Using JAX, we can find the first derivative easily.

from jax import grad

first_order = grad(to_optimise)

Finally, we implement the gradient descent algorithm where the step size is the learning rate.

learning_rate = 0.01

result = first_order(weights, bias)

for i in range(2000):
    weights = weights - learning_rate * result[:-1]
    bias = bias - learning_rate * result[-1]
    result = first_order(weights, bias)

We run this for 2000 iterations, with a learning rate of 0.01. These are the hyperparameters of our logistic regression function. We can now see the values for the weights and bias.

weights, bias
(Array([1.055286 , 2.6964939], dtype=float32),
 Array([-4.274763], dtype=float32))

These values can then be used to classify the training dataset, and we can see how good the model is for the data it has already seen.

import numpy as np

z = np.dot(train[['x', 'y']], weights) + bias
f = logistic(z)
prediction = np.array(['nd'] * len(f))
prediction[np.where(f > 0.5)] = 'b'
prediction[np.where(f <= 0.5)] = 'a'
train['prediction'] = prediction

This has added a now column to our DataFrame.

train
x y label encoded_label prediction
134 0.373930 1.619907 a 0 b
66 2.294891 4.181484 b 1 b
26 0.432925 2.717288 b 1 b
113 1.355748 2.339877 b 1 b
168 1.423604 -1.171737 a 0 a
... ... ... ... ... ...
67 1.941346 0.058802 b 1 a
192 2.237253 -2.026433 a 0 a
117 1.516596 4.297617 b 1 b
47 2.230459 2.158100 a 0 b
172 0.327218 -0.634313 a 0 a

160 rows × 5 columns

Here, we use the accuracy_score, a percentage of how many times the predicted label was correct, to quantify how well the model is doing.

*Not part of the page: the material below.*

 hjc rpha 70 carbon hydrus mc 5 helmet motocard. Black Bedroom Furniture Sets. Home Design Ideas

from sklearn.metrics import accuracy_score

accuracy_score(train['label'], train['prediction'])
0.90625

The current model is correct around 90.6 % of the time on the training data. But how does it work for data it has never seen before?

z = np.dot(test[['x', 'y']], weights) + bias
f = logistic(z)
prediction = np.array(['x'] * len(f))
prediction[np.where(f > 0.5)] = 'b'
prediction[np.where(f <= 0.5)] = 'a'
test['prediction'] = prediction

accuracy_score(test['label'], test['prediction'])
0.9

Impressively, it is better for the data it has not yet seen.

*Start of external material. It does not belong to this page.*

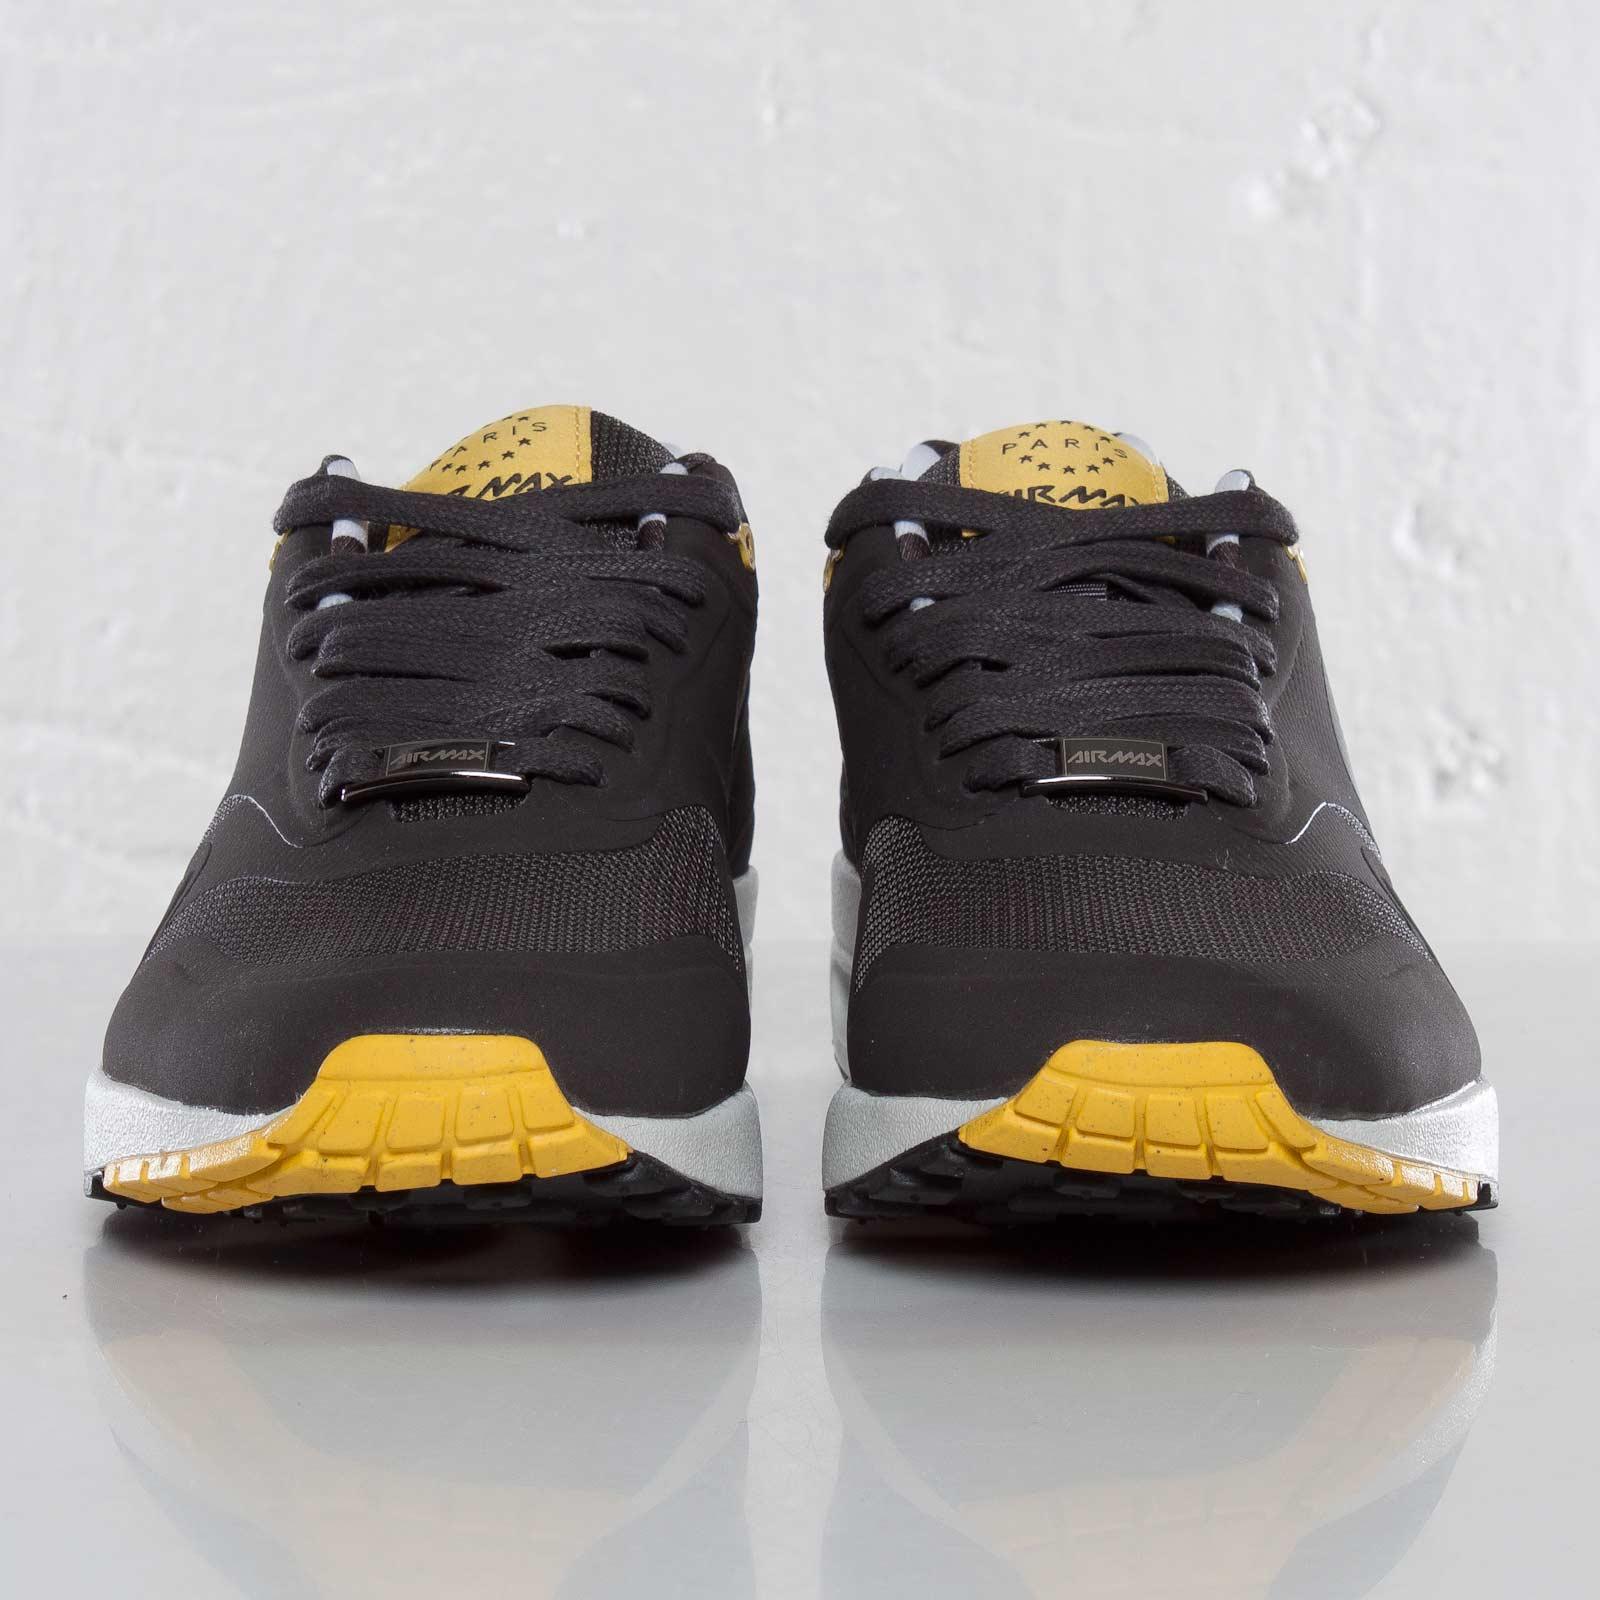 separation shoes 5f718 1939a Nike Air Max 1 Paris QS - 587923-001 - Sneakersnstuff   sneakers    streetwear online since 1999

By plotting just the predictions, we can see one of the problems with the logistic regression approach.

fig, ax = plt.subplots(1, 2, figsize=(10, 4), sharex=True, sharey=True)
sns.scatterplot(x='x', y='y', data=train, hue='prediction', ax=ax[0])
sns.scatterplot(x='x', y='y', data=test, hue='prediction', ax=ax[1])
ax[0].set_title('Training Data')
ax[1].set_title('Testing Data')
plt.show()
../_images/68b1b653d9e75f334106b9f404aea5c58d186b9be34672e1aff1388d8c79c300.png

It is clear that there is a linear discrimination between the classes a and b. This means that logistic regression would be potentially ineffective where the classification of the data does not follow a linear trend. Strictly speaking, handling non-linear relationships with logistic regression requires feature engineering. This is where the features are adapted to improve linear discrimination between classes.